Consumer confidence returning

Category: Economy

Updated: 18/08/2014
First Published: 18/08/2014

This article was correct at the time of publication. It is now over 6 months old so the content may be out of date.

Consumers have had it tough over the last few years. Rising prices, stagnant wage growth and a lack of faith in the economy at large have all taken their toll, but it seems that things are definitely on the up.

According to the latest Spending Power Report from Lloyds Bank, overall consumer confidence rose to a new high in July (reaching 147 points) after taking a slight dip in June. This resumed climb indicates that consumers are feeling a whole lot better, both about the economy and their finances, than they have done in some time.

Key findings from the report include the fact that essential spending has fallen by around 0.5% over the last year, the first decrease in the history of the Spending Power Report, led by reduced spending in gas & electricity, fuel, and food & drink. The latter makes up around 40% of typical monthly spending and this in itself slowed by around 2.5%. Thanks to this reduced pressure from essential spending, the way is hopefully being opened up for spending on non-essential items.

Overall sentiment towards the UK's economic situation, despite decreasing slightly from June's total, is still 33 points higher than this time last year, indicating an annual improvement in positivity. Consumers are also becoming increasingly positive about their personal financial situation, with many feeling they have more money left in their back pocket after paying the bills, and this positivity is continued in their outlook for the future.
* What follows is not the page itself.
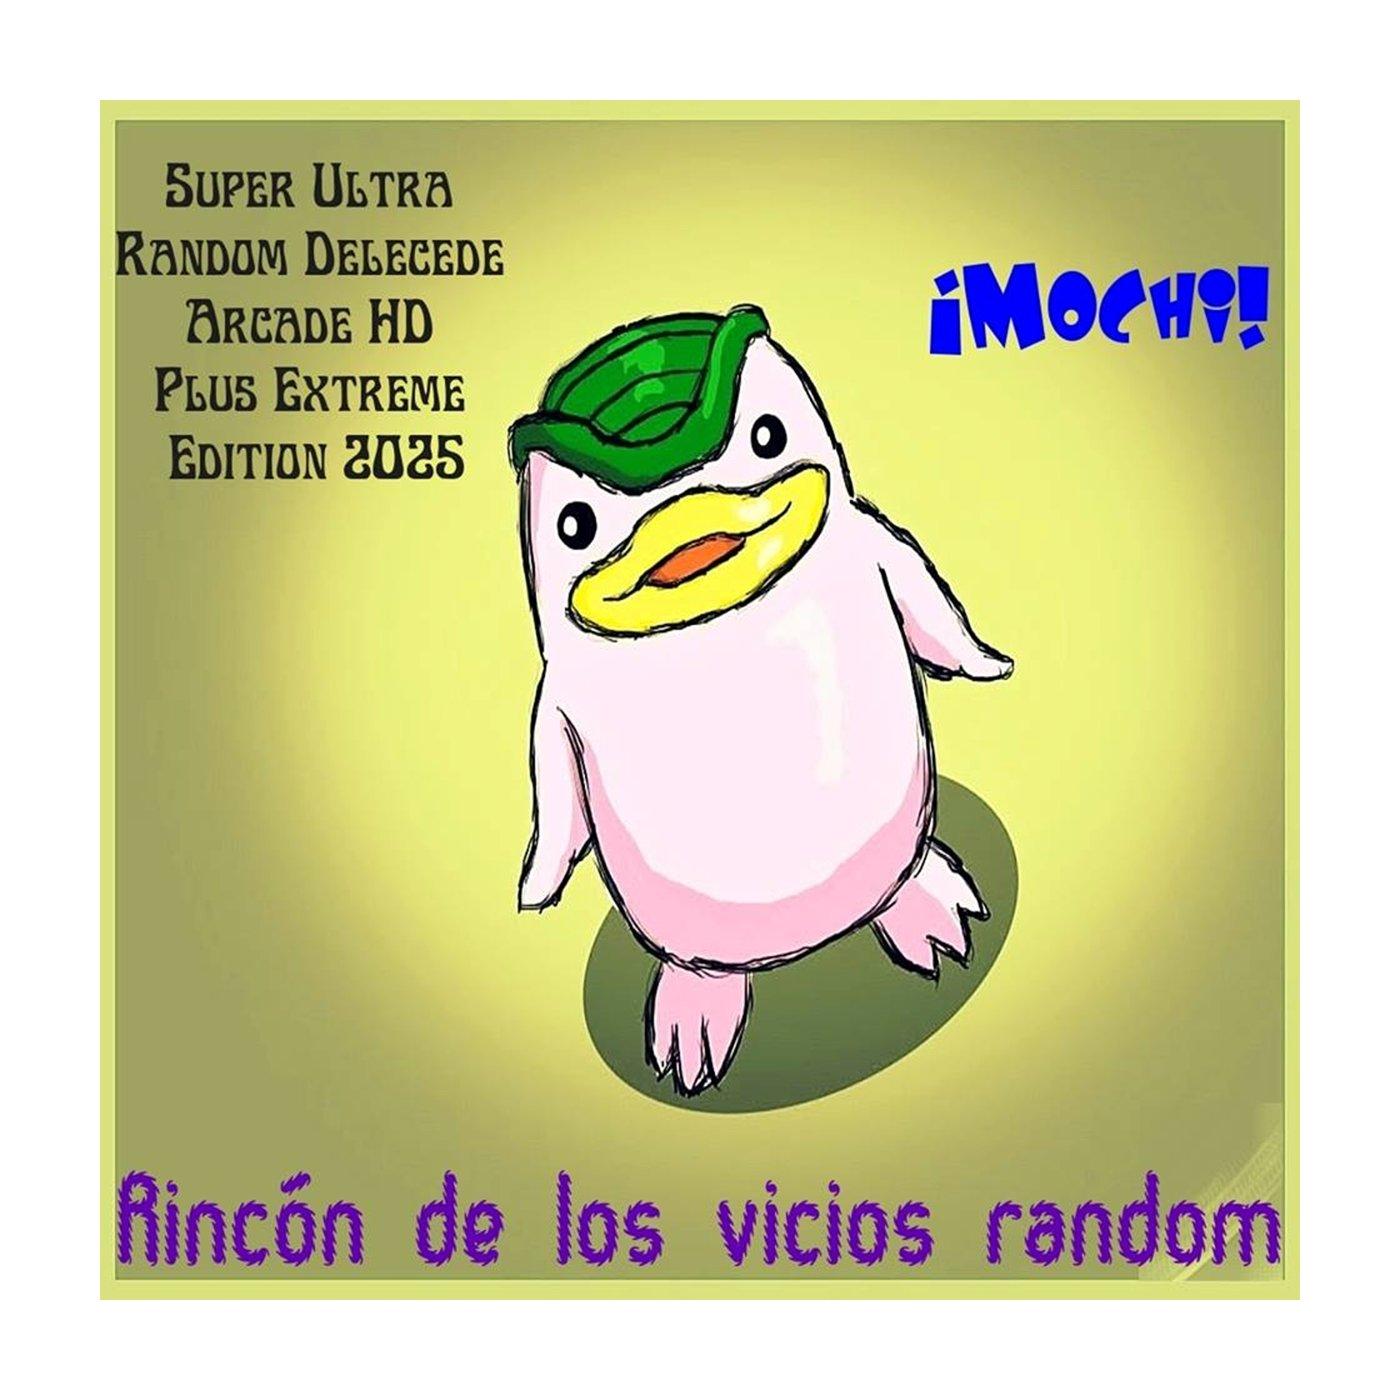 <![CDATA[Podcast de el Rincon de los vicios random]]>
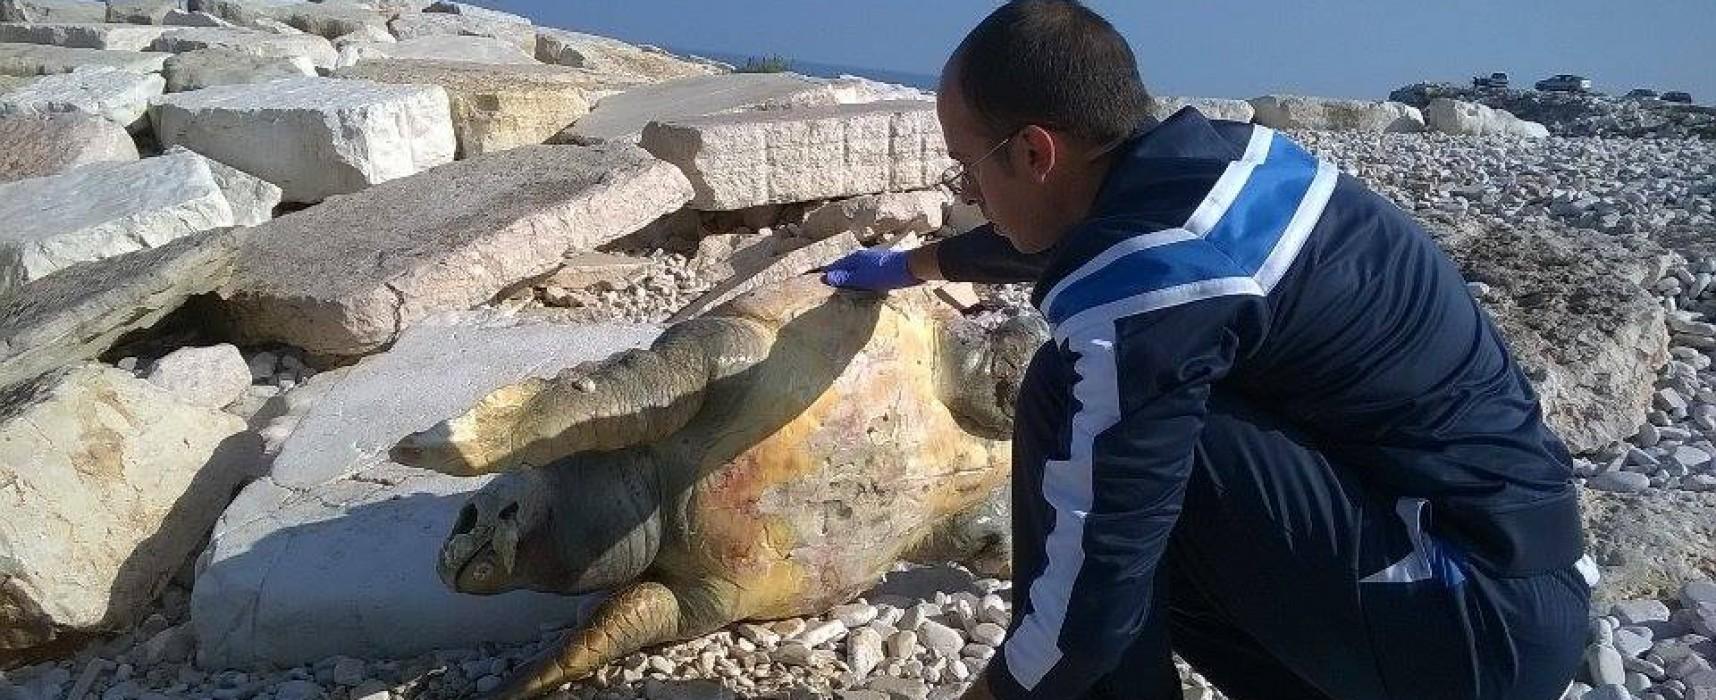 Carcassa di tartaruga marina rinvenuta stamattina sulla spiaggia in zona Bimarmi /FOTO

This level of confidence is welcome news for consumers and the economy as a whole, as it would indicate that things are starting to get back on track for much of the population. People are also becoming more positive about their ability to save, a welcome adjustment after years of budgets being squeezed, and it'll be beneficial in the long-term, too – being more able to put aside some money each month means people will be able to build up a valuable emergency fund, something that could definitely come in handy should the unexpected happen.

Philip Robinson, director of personal current accounts at Lloyds Bank, commented on the findings: "With consumer confidence resuming its steady increase to a new high, and discretionary income improving as essential spending falls, more people are feeling more comfortable about their own finances. It's not a bad time to make sure we're all putting enough away for a rainy day or starting to get ready for a rise in interest rates."